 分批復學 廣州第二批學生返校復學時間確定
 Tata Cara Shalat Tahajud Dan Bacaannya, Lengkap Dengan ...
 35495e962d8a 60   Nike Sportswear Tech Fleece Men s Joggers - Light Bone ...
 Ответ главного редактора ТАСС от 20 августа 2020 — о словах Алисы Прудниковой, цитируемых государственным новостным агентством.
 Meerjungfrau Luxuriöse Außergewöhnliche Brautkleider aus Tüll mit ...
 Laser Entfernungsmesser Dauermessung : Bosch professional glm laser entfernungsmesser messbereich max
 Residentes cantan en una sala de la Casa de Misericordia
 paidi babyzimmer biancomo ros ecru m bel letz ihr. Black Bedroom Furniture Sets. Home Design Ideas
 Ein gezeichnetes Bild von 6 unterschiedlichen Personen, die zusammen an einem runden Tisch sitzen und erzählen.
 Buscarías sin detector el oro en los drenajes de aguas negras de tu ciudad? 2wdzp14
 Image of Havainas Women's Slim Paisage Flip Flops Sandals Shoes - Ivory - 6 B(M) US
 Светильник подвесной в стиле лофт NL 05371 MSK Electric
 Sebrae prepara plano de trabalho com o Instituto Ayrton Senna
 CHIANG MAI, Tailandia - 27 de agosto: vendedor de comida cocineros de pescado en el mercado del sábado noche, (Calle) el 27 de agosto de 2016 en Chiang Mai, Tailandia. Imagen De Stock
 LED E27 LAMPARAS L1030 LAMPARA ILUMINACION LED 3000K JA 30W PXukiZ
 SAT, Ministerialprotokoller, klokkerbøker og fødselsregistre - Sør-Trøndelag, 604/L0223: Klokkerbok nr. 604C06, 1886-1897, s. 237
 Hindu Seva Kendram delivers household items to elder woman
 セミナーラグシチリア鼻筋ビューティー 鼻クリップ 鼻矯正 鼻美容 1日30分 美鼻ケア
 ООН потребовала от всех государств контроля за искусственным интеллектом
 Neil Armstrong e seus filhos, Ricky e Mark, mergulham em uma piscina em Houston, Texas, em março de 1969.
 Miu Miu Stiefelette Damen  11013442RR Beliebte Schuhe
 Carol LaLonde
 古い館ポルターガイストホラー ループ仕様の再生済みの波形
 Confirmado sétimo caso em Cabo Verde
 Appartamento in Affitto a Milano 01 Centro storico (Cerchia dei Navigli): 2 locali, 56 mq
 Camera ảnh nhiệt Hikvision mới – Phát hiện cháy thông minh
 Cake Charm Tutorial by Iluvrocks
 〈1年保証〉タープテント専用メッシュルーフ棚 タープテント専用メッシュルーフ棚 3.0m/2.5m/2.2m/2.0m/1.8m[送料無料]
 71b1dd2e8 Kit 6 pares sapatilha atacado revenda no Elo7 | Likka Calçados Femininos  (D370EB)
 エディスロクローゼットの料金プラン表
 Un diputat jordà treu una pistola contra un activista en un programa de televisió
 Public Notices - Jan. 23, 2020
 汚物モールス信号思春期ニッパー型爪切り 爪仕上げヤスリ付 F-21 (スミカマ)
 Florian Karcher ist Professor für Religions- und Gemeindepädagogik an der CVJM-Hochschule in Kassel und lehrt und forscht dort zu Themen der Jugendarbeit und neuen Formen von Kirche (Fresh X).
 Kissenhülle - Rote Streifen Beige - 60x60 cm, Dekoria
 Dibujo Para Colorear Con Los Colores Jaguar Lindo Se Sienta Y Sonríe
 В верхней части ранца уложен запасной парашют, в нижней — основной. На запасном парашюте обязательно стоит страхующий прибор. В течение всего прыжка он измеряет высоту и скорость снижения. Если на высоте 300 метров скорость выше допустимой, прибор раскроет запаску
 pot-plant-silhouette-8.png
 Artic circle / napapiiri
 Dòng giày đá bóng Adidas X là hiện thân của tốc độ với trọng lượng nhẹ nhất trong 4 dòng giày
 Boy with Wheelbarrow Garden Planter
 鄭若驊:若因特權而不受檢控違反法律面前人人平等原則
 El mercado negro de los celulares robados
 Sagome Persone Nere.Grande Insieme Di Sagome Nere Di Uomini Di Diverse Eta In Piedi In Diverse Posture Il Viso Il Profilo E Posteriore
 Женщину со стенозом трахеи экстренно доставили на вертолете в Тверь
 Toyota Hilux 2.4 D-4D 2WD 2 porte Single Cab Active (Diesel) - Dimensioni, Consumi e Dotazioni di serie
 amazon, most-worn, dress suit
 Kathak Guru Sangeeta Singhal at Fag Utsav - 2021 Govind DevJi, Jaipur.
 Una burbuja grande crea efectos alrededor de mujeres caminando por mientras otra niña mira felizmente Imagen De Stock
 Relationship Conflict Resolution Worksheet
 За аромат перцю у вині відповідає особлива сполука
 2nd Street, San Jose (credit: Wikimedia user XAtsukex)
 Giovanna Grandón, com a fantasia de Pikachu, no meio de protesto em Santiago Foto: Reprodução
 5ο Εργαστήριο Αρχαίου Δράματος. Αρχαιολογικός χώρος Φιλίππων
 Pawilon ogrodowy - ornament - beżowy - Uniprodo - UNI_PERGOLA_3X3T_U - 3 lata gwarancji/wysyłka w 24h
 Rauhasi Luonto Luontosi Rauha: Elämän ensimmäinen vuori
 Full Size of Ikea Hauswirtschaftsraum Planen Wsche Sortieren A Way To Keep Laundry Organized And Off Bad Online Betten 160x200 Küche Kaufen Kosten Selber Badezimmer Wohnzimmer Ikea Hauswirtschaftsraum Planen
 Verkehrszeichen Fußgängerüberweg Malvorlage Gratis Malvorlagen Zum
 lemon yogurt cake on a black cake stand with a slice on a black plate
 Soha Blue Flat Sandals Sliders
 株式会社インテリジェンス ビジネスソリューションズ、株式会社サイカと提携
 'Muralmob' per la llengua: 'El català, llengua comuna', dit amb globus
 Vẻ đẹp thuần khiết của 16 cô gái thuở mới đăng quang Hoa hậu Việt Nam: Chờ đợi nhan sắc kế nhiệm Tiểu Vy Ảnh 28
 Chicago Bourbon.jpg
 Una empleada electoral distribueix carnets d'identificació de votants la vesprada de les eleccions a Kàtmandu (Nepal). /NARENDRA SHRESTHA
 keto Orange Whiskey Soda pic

################

• [WHAT IS NEEDED]
A complete, exact copy of the entries is required.

• [EXPECTED ANSWER]
 分批復學 廣州第二批學生返校復學時間確定
 Tata Cara Shalat Tahajud Dan Bacaannya, Lengkap Dengan ...
 35495e962d8a 60   Nike Sportswear Tech Fleece Men s Joggers - Light Bone ...
 Ответ главного редактора ТАСС от 20 августа 2020 — о словах Алисы Прудниковой, цитируемых государственным новостным агентством.
 Meerjungfrau Luxuriöse Außergewöhnliche Brautkleider aus Tüll mit ...
 Laser Entfernungsmesser Dauermessung : Bosch professional glm laser entfernungsmesser messbereich max
 Residentes cantan en una sala de la Casa de Misericordia
 paidi babyzimmer biancomo ros ecru m bel letz ihr. Black Bedroom Furniture Sets. Home Design Ideas
 Ein gezeichnetes Bild von 6 unterschiedlichen Personen, die zusammen an einem runden Tisch sitzen und erzählen.
 Buscarías sin detector el oro en los drenajes de aguas negras de tu ciudad? 2wdzp14
 Image of Havainas Women's Slim Paisage Flip Flops Sandals Shoes - Ivory - 6 B(M) US
 Светильник подвесной в стиле лофт NL 05371 MSK Electric
 Sebrae prepara plano de trabalho com o Instituto Ayrton Senna
 CHIANG MAI, Tailandia - 27 de agosto: vendedor de comida cocineros de pescado en el mercado del sábado noche, (Calle) el 27 de agosto de 2016 en Chiang Mai, Tailandia. Imagen De Stock
 LED E27 LAMPARAS L1030 LAMPARA ILUMINACION LED 3000K JA 30W PXukiZ
 SAT, Ministerialprotokoller, klokkerbøker og fødselsregistre - Sør-Trøndelag, 604/L0223: Klokkerbok nr. 604C06, 1886-1897, s. 237
 Hindu Seva Kendram delivers household items to elder woman
 セミナーラグシチリア鼻筋ビューティー 鼻クリップ 鼻矯正 鼻美容 1日30分 美鼻ケア
 ООН потребовала от всех государств контроля за искусственным интеллектом
 Neil Armstrong e seus filhos, Ricky e Mark, mergulham em uma piscina em Houston, Texas, em março de 1969.
 Miu Miu Stiefelette Damen  11013442RR Beliebte Schuhe
 Carol LaLonde
 古い館ポルターガイストホラー ループ仕様の再生済みの波形
 Confirmado sétimo caso em Cabo Verde
 Appartamento in Affitto a Milano 01 Centro storico (Cerchia dei Navigli): 2 locali, 56 mq
 Camera ảnh nhiệt Hikvision mới – Phát hiện cháy thông minh
 Cake Charm Tutorial by Iluvrocks
 〈1年保証〉タープテント専用メッシュルーフ棚 タープテント専用メッシュルーフ棚 3.0m/2.5m/2.2m/2.0m/1.8m[送料無料]
 71b1dd2e8 Kit 6 pares sapatilha atacado revenda no Elo7 | Likka Calçados Femininos  (D370EB)
 エディスロクローゼットの料金プラン表
 Un diputat jordà treu una pistola contra un activista en un programa de televisió
 Public Notices - Jan. 23, 2020
 汚物モールス信号思春期ニッパー型爪切り 爪仕上げヤスリ付 F-21 (スミカマ)
 Florian Karcher ist Professor für Religions- und Gemeindepädagogik an der CVJM-Hochschule in Kassel und lehrt und forscht dort zu Themen der Jugendarbeit und neuen Formen von Kirche (Fresh X).
 Kissenhülle - Rote Streifen Beige - 60x60 cm, Dekoria
 Dibujo Para Colorear Con Los Colores Jaguar Lindo Se Sienta Y Sonríe
 В верхней части ранца уложен запасной парашют, в нижней — основной. На запасном парашюте обязательно стоит страхующий прибор. В течение всего прыжка он измеряет высоту и скорость снижения. Если на высоте 300 метров скорость выше допустимой, прибор раскроет запаску
 pot-plant-silhouette-8.png
 Artic circle / napapiiri
 Dòng giày đá bóng Adidas X là hiện thân của tốc độ với trọng lượng nhẹ nhất trong 4 dòng giày
 Boy with Wheelbarrow Garden Planter
 鄭若驊:若因特權而不受檢控違反法律面前人人平等原則
 El mercado negro de los celulares robados
 Sagome Persone Nere.Grande Insieme Di Sagome Nere Di Uomini Di Diverse Eta In Piedi In Diverse Posture Il Viso Il Profilo E Posteriore
 Женщину со стенозом трахеи экстренно доставили на вертолете в Тверь
 Toyota Hilux 2.4 D-4D 2WD 2 porte Single Cab Active (Diesel) - Dimensioni, Consumi e Dotazioni di serie
 amazon, most-worn, dress suit
 Kathak Guru Sangeeta Singhal at Fag Utsav - 2021 Govind DevJi, Jaipur.
 Una burbuja grande crea efectos alrededor de mujeres caminando por mientras otra niña mira felizmente Imagen De Stock
 Relationship Conflict Resolution Worksheet
 За аромат перцю у вині відповідає особлива сполука
 2nd Street, San Jose (credit: Wikimedia user XAtsukex)
 Giovanna Grandón, com a fantasia de Pikachu, no meio de protesto em Santiago Foto: Reprodução
 5ο Εργαστήριο Αρχαίου Δράματος. Αρχαιολογικός χώρος Φιλίππων
 Pawilon ogrodowy - ornament - beżowy - Uniprodo - UNI_PERGOLA_3X3T_U - 3 lata gwarancji/wysyłka w 24h
 Rauhasi Luonto Luontosi Rauha: Elämän ensimmäinen vuori
 Full Size of Ikea Hauswirtschaftsraum Planen Wsche Sortieren A Way To Keep Laundry Organized And Off Bad Online Betten 160x200 Küche Kaufen Kosten Selber Badezimmer Wohnzimmer Ikea Hauswirtschaftsraum Planen
 Verkehrszeichen Fußgängerüberweg Malvorlage Gratis Malvorlagen Zum
 lemon yogurt cake on a black cake stand with a slice on a black plate
 Soha Blue Flat Sandals Sliders
 株式会社インテリジェンス ビジネスソリューションズ、株式会社サイカと提携
 'Muralmob' per la llengua: 'El català, llengua comuna', dit amb globus
 Vẻ đẹp thuần khiết của 16 cô gái thuở mới đăng quang Hoa hậu Việt Nam: Chờ đợi nhan sắc kế nhiệm Tiểu Vy Ảnh 28
 Chicago Bourbon.jpg
 Una empleada electoral distribueix carnets d'identificació de votants la vesprada de les eleccions a Kàtmandu (Nepal). /NARENDRA SHRESTHA
 keto Orange Whiskey Soda pic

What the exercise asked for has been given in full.